Access, Terminal server and VCheck
Recently one our customer decided to use thin client PCs and Window 2003 Terminal services. They have 2 Window 2003 servers for all users and load balancing service which put users between both. Users have simple 200-dollars PCs without hard drive, which gets loaded from network with Windows XP Embedded (I think), and then start terminal services client. This configuration works fine, quite easy to maintain. Of course, they run our MS Access 2003 application with SQL Server 2000 database, SQL Server runs on a separate server.
Before Terminal services we used VersionCheck to copy front-end MDE to each workstation C: drive. The same setup was moved to Terminal services, but we got a problem - all users have the same C: drive, and use the same MDE! Of course it starts to grow, it was not possible to compact it (only if you throw all users). As we use an approach, where we build pass-through queries SQL with parameters' values, save queries and then use in forms/reports record source - users start to report bugs: they see completely wrong data (of course, from other user!). Solution was clear – each user should have his own copy of frontend, fortunately VersionCheck offers an opportunity to define path with %USERNAME% variable, which get replaced with actual user name. I have modified pvc file in C:\windows, so application local path become C:\Documents and Settings\%USERNAME%\Application Data\MyApp.MDE… But then came the funny part.

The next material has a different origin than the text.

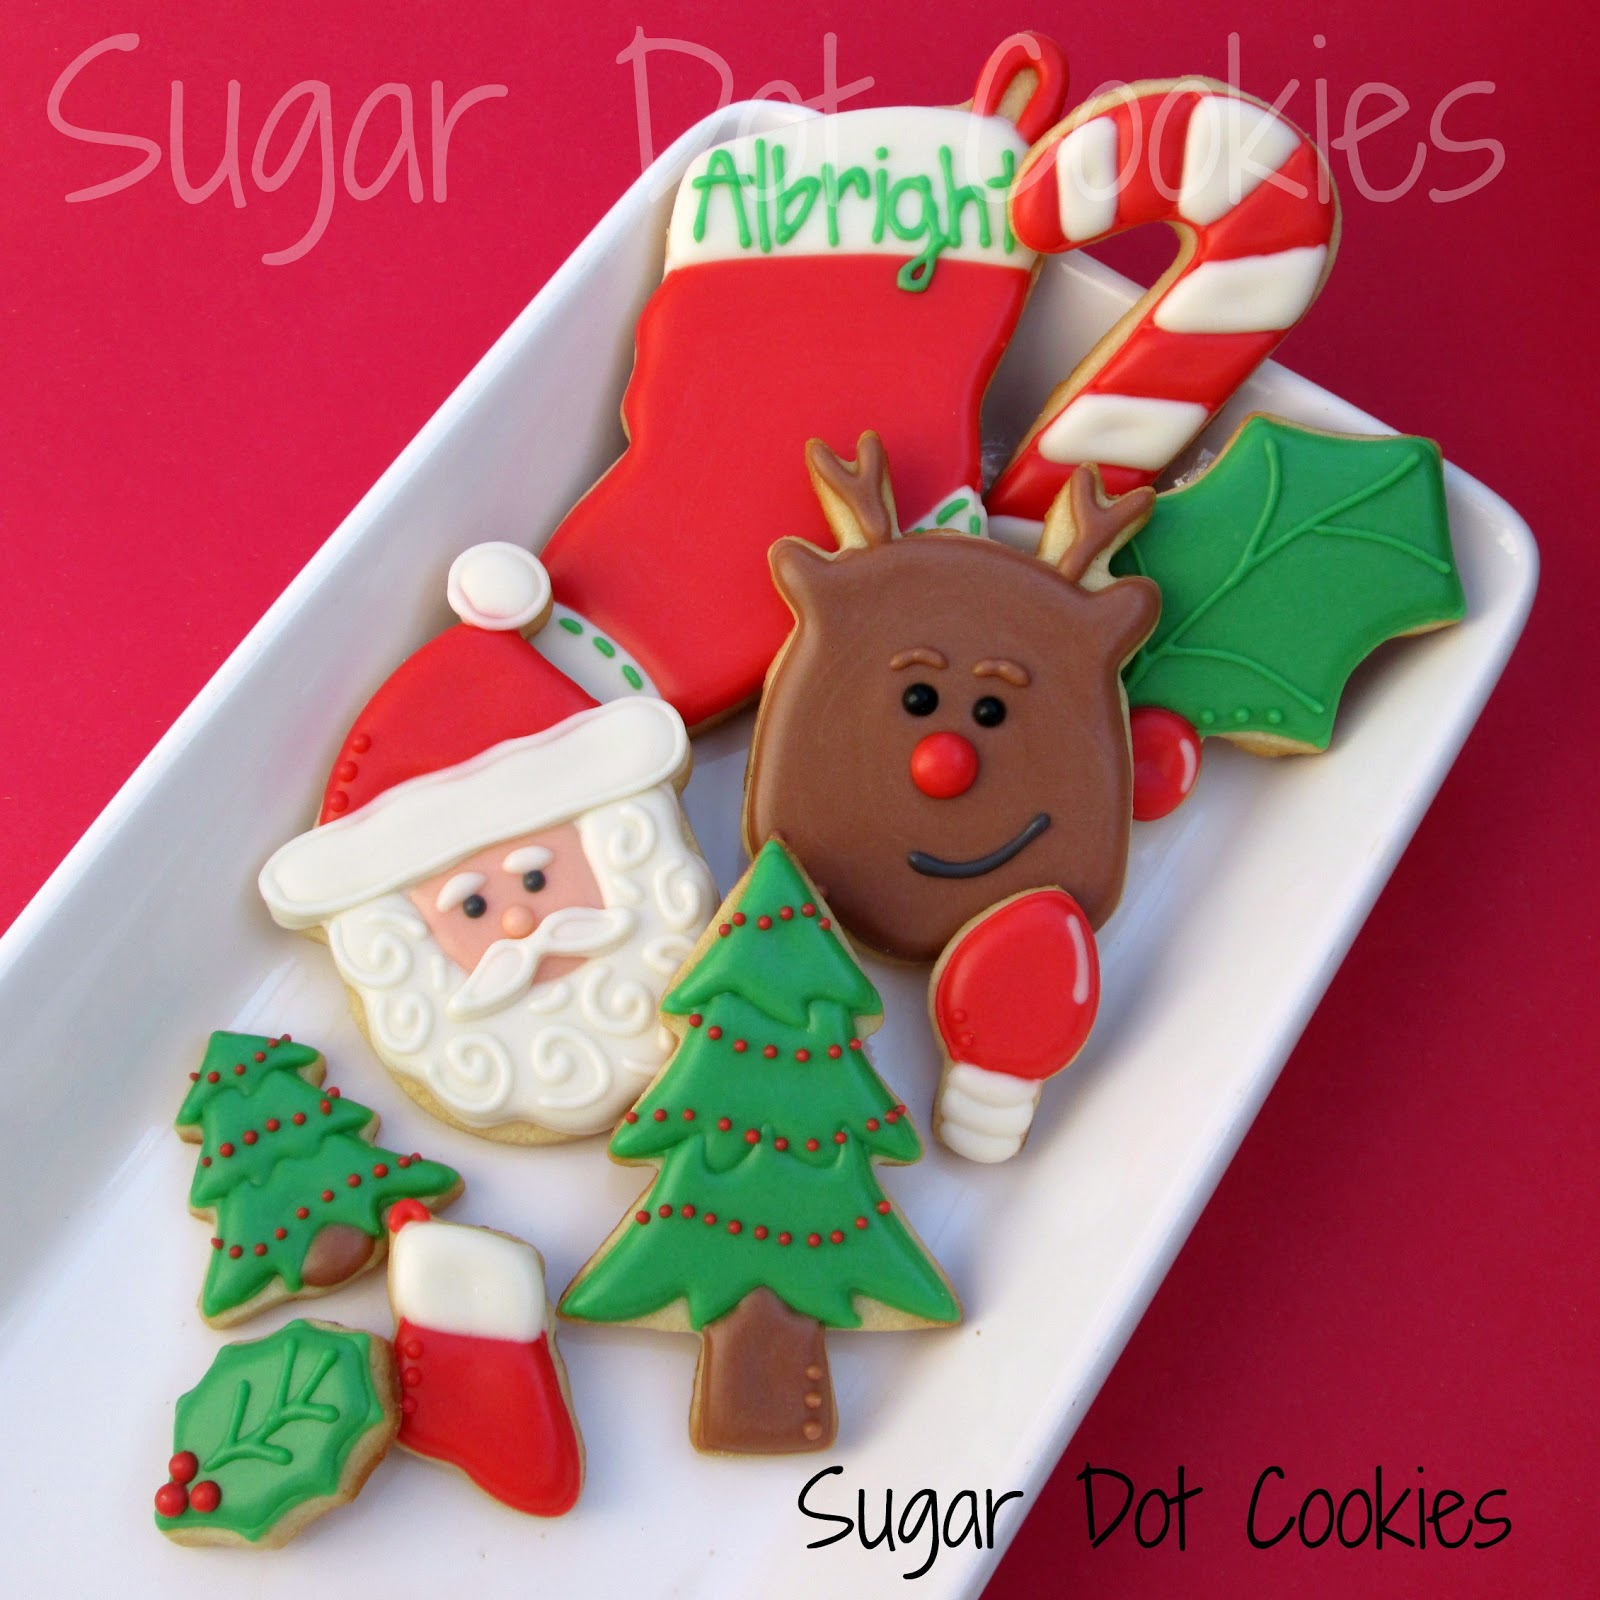 Sugar Fairy Sweet: November 2012

While opening pvc file in notepad showed new version with %USERNAME%, opening and running same pvc file in VersionCheck showed old one! This was really amazed me, the only explanation I made to myself – some kind of cache. But no, after some time nothing changed. So where should then go MVP to find an answer? Right, Knowledge Base! The article Terminal Server registry settings for applications gave me an idea what is going on – every user has his own copy of pvc file! So, I added a new application compatibility bits flag 0x00000408, which shows that VersionCheck is 32-bit application and there is no need to substitute user Windows directory. And it works now!
Of course, it would be possible to save pvc file somewhere else then C:\windows, but I was not aware, that Terminal services do such "dirty" tricks. Anyway – it is always good to learn something new, and hope this post will help others also!